- [Requirement] With the pictures left out, copy the listing below exactly.

- [Given information]
☆ ☆ ☆ ☆ ☆ ☆ ☆

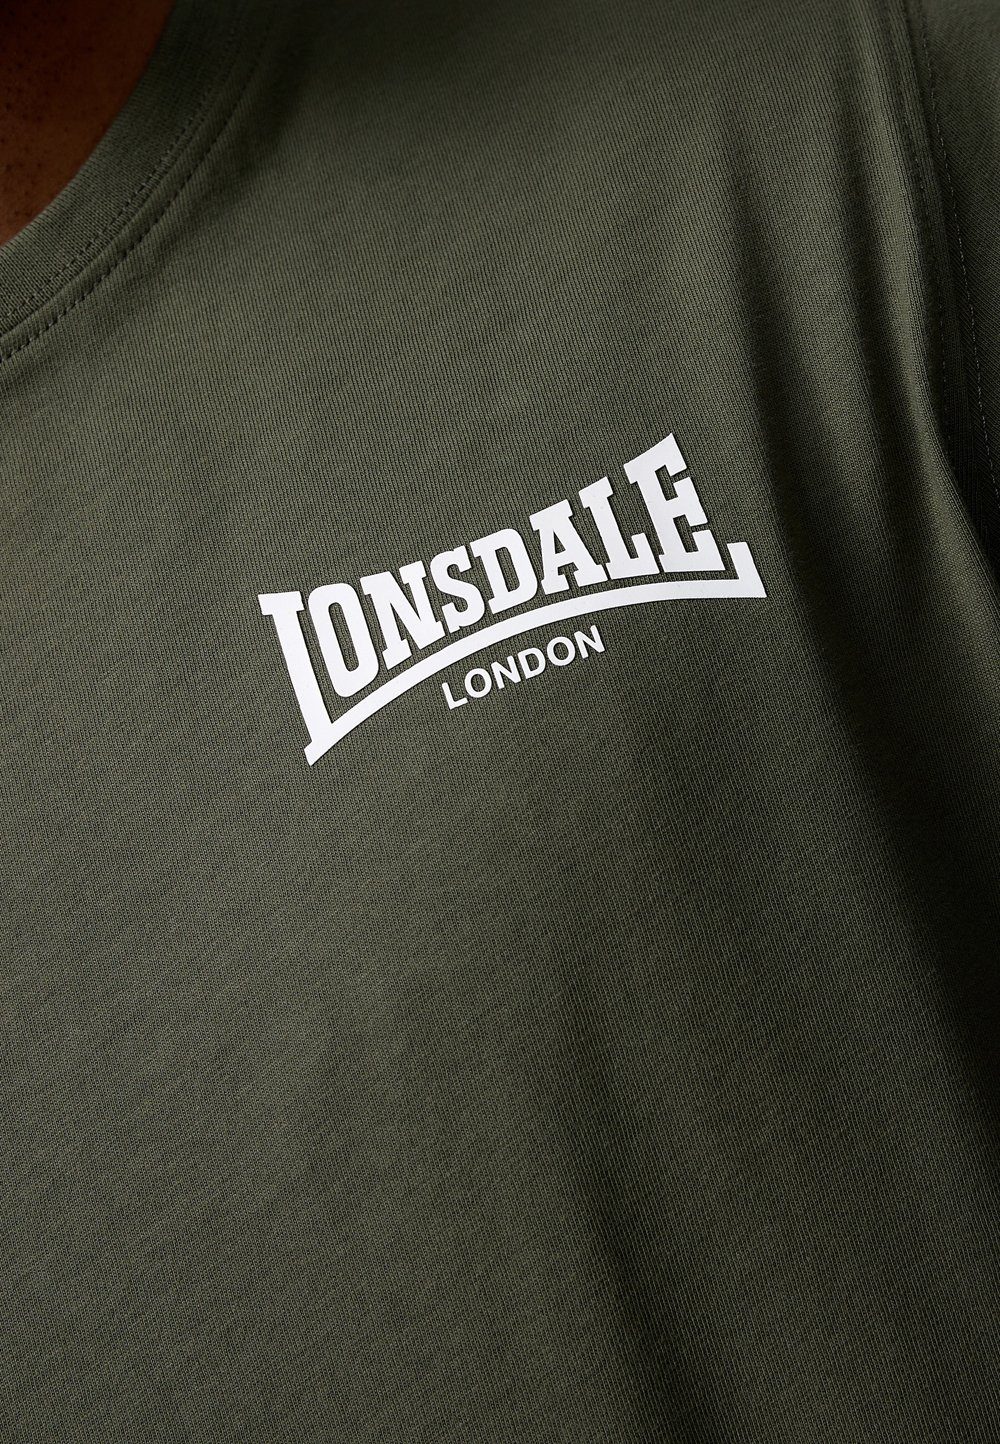 ELMDON Lonsdale T-Shirt Olive/White
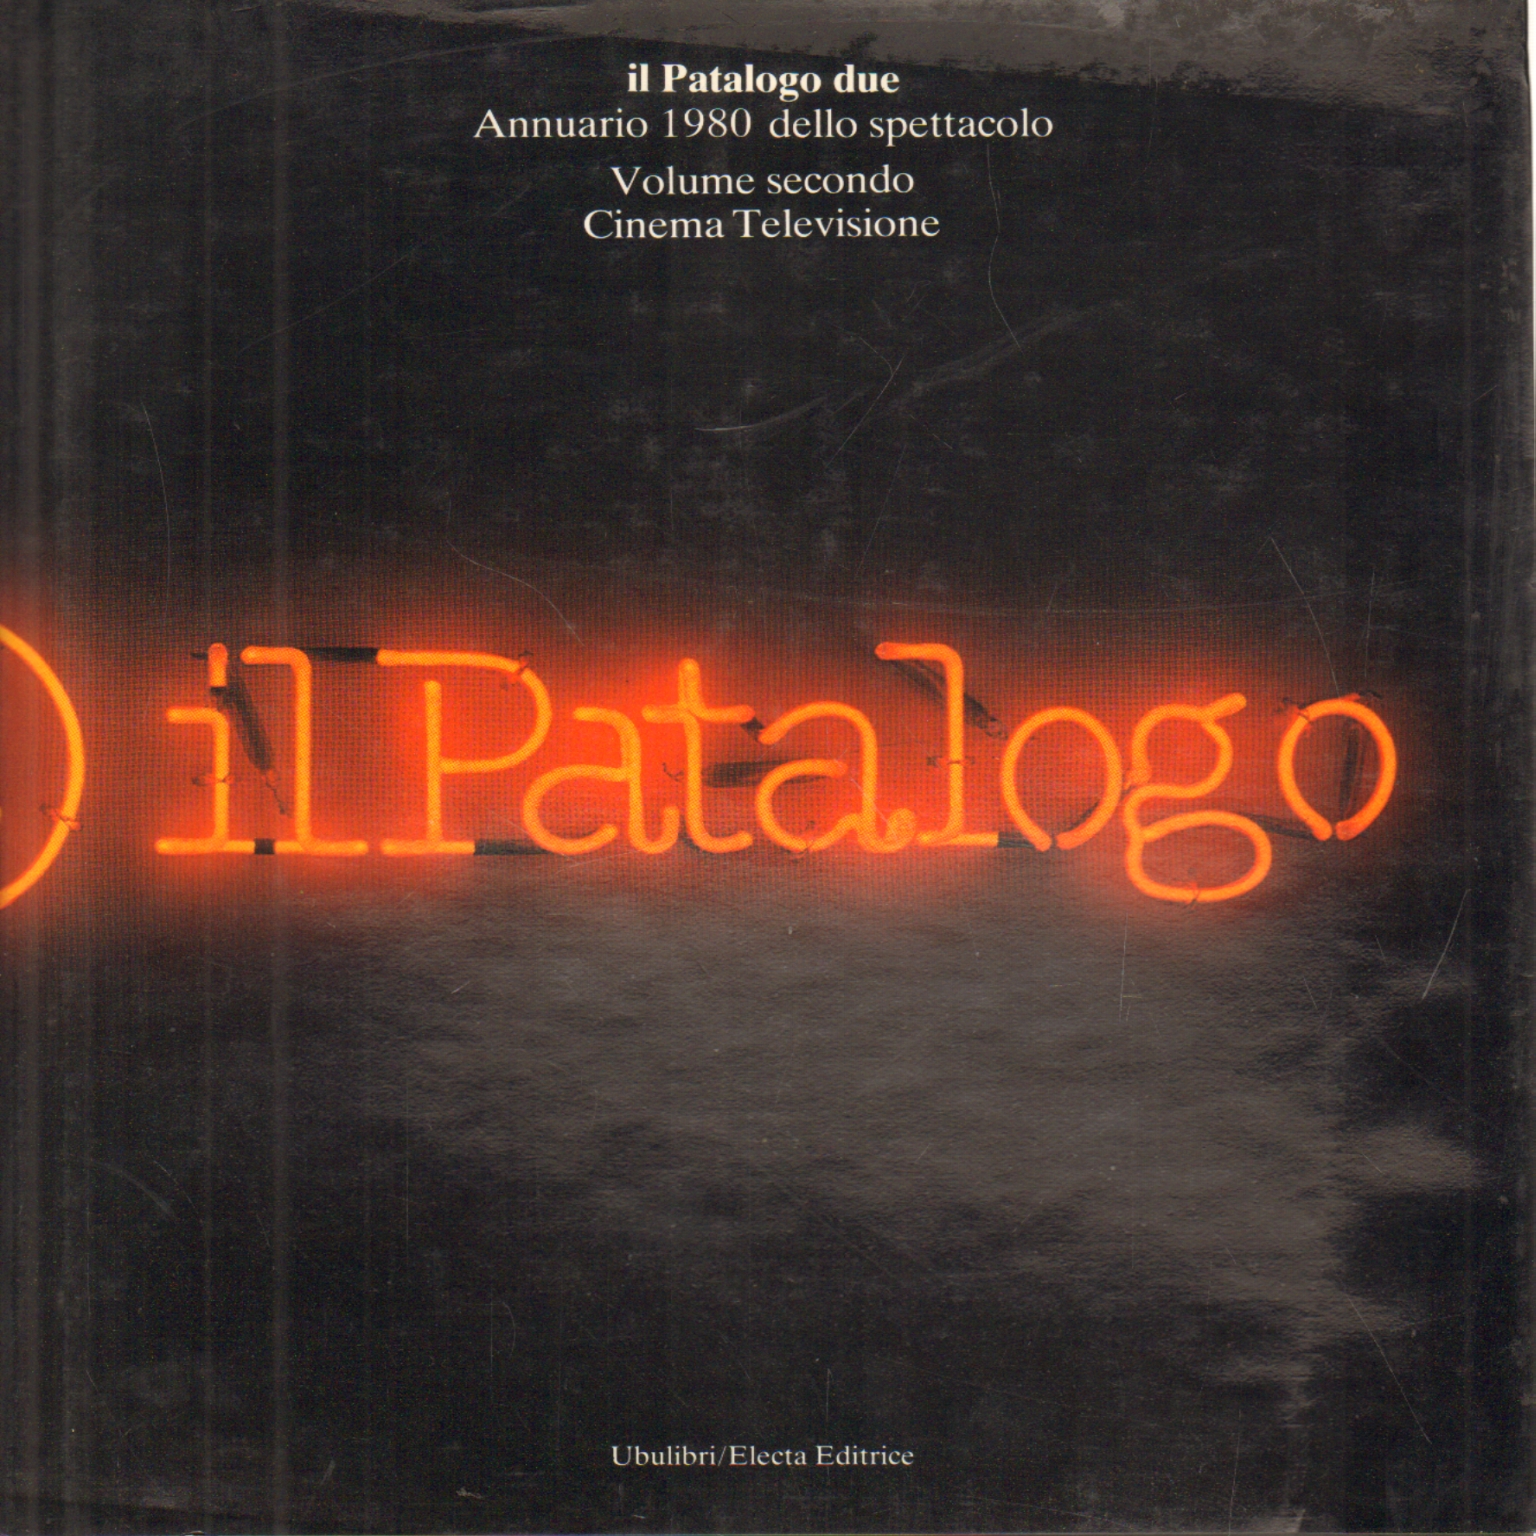 Das Patalogo zwei. Jahrbuch 1980 des show vo, AA.VV.
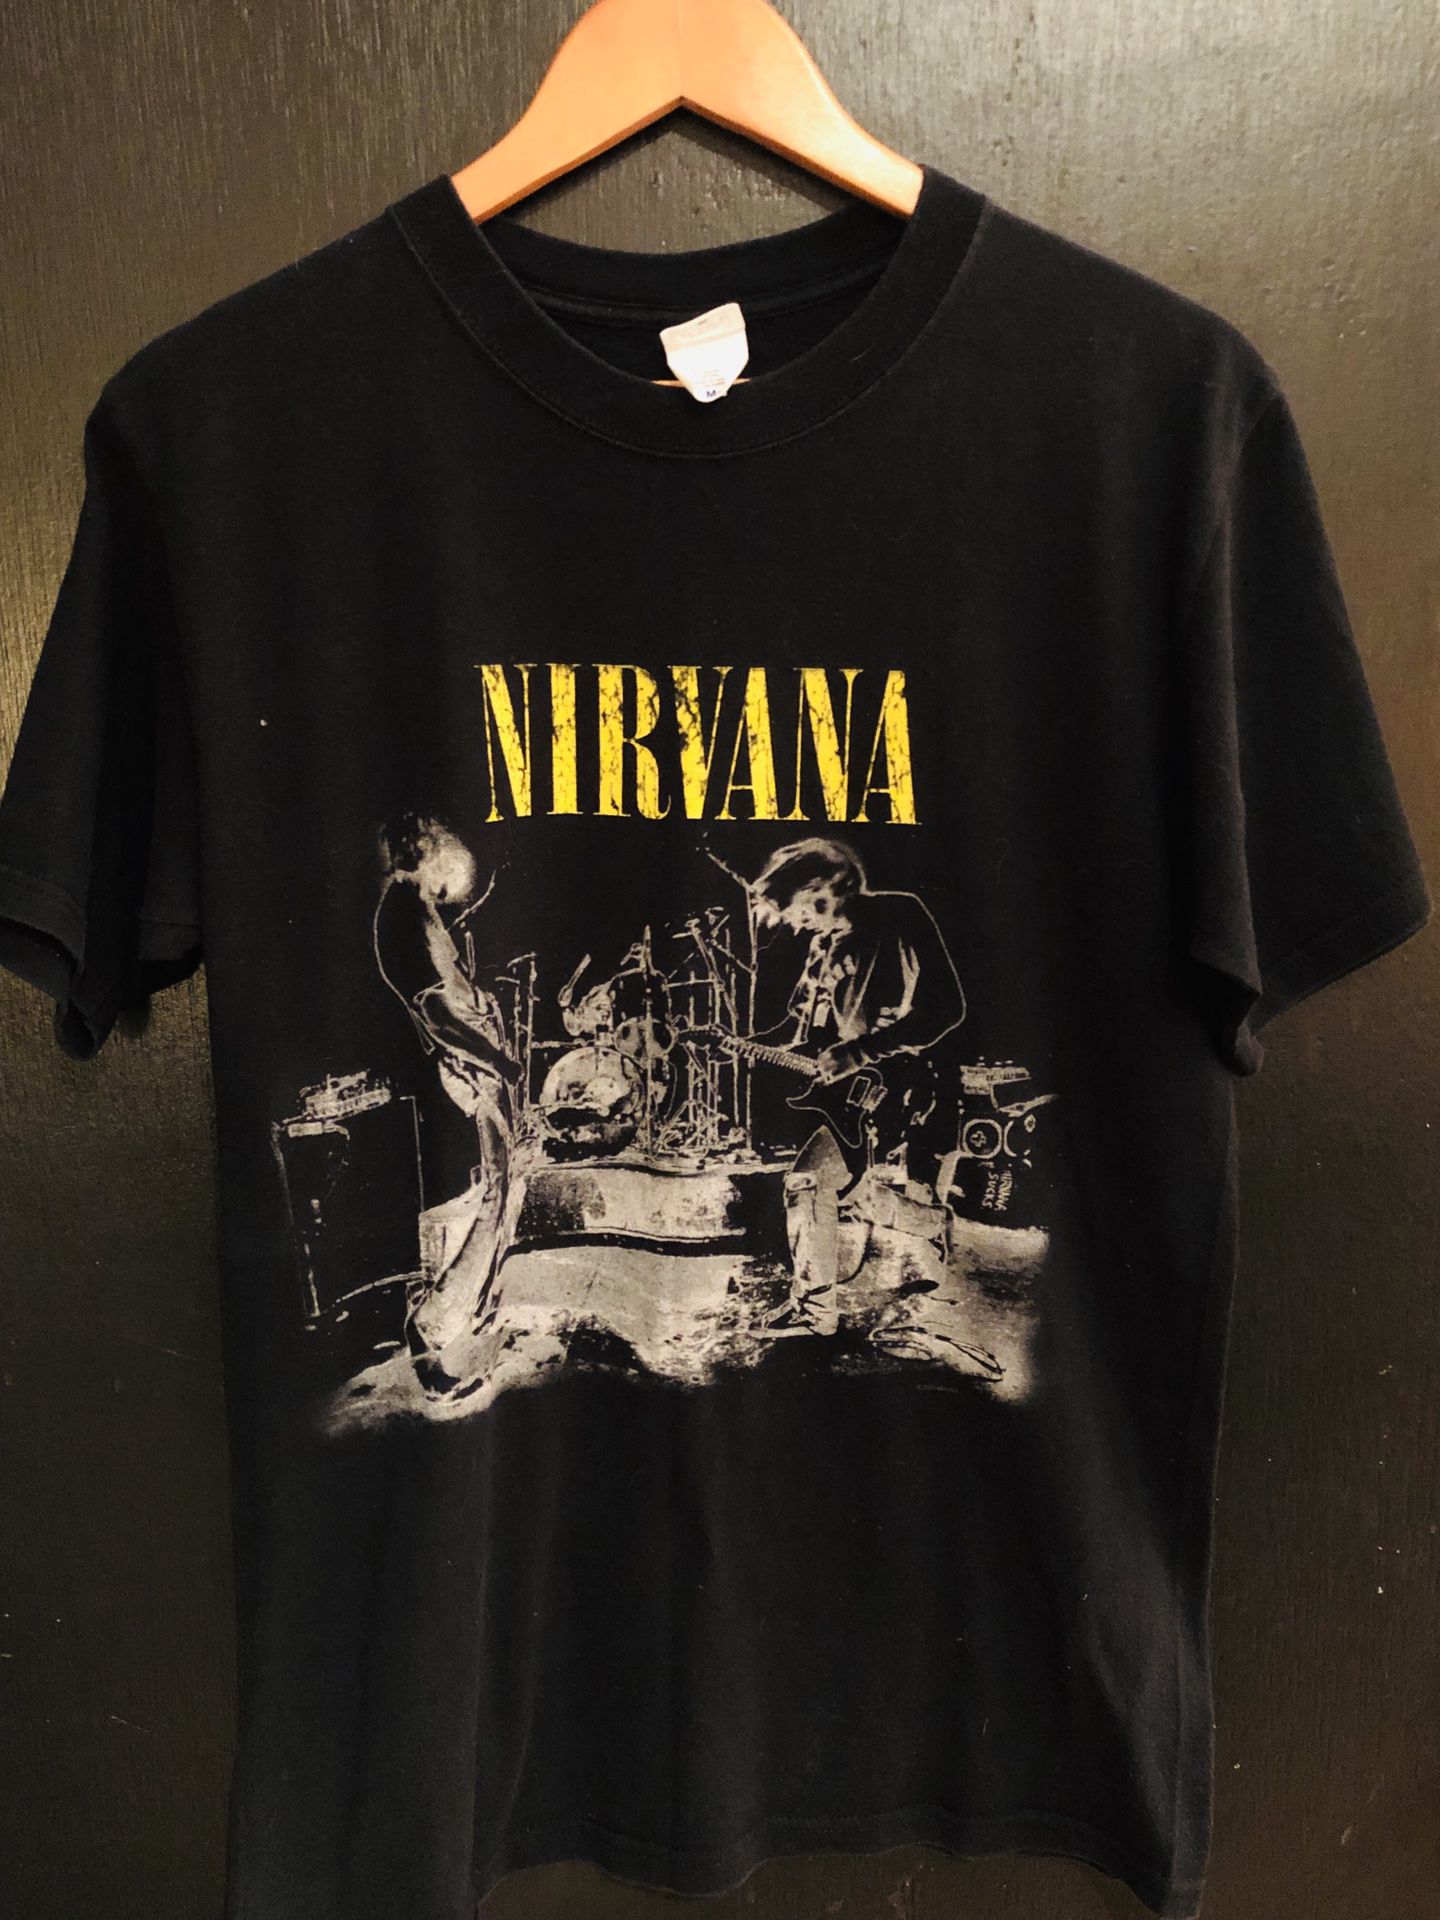 2005 Nirvana T shirt, band shirt, rock shirt
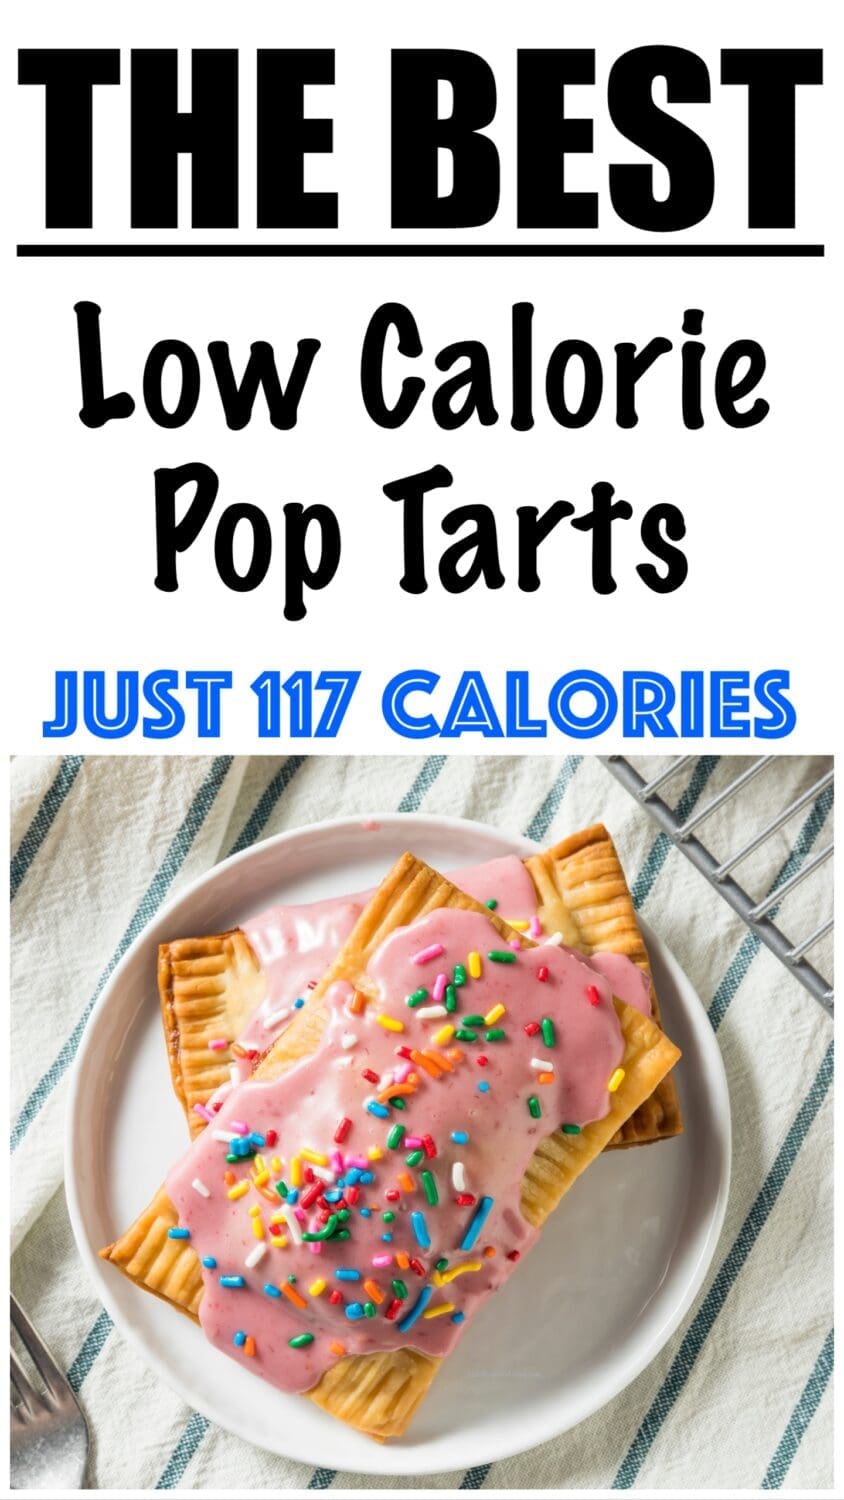 Low Calorie Pop Tarts Recipe

☆ ☆ ☆ ☆ ☆ ☆ ☆

- [Exercise solution]
 ELMDON Lonsdale T-Shirt Olive/White
 Das Patalogo zwei. Jahrbuch 1980 des show vo, AA.VV.
 2005 Nirvana T shirt, band shirt, rock shirt
 Low Calorie Pop Tarts Recipe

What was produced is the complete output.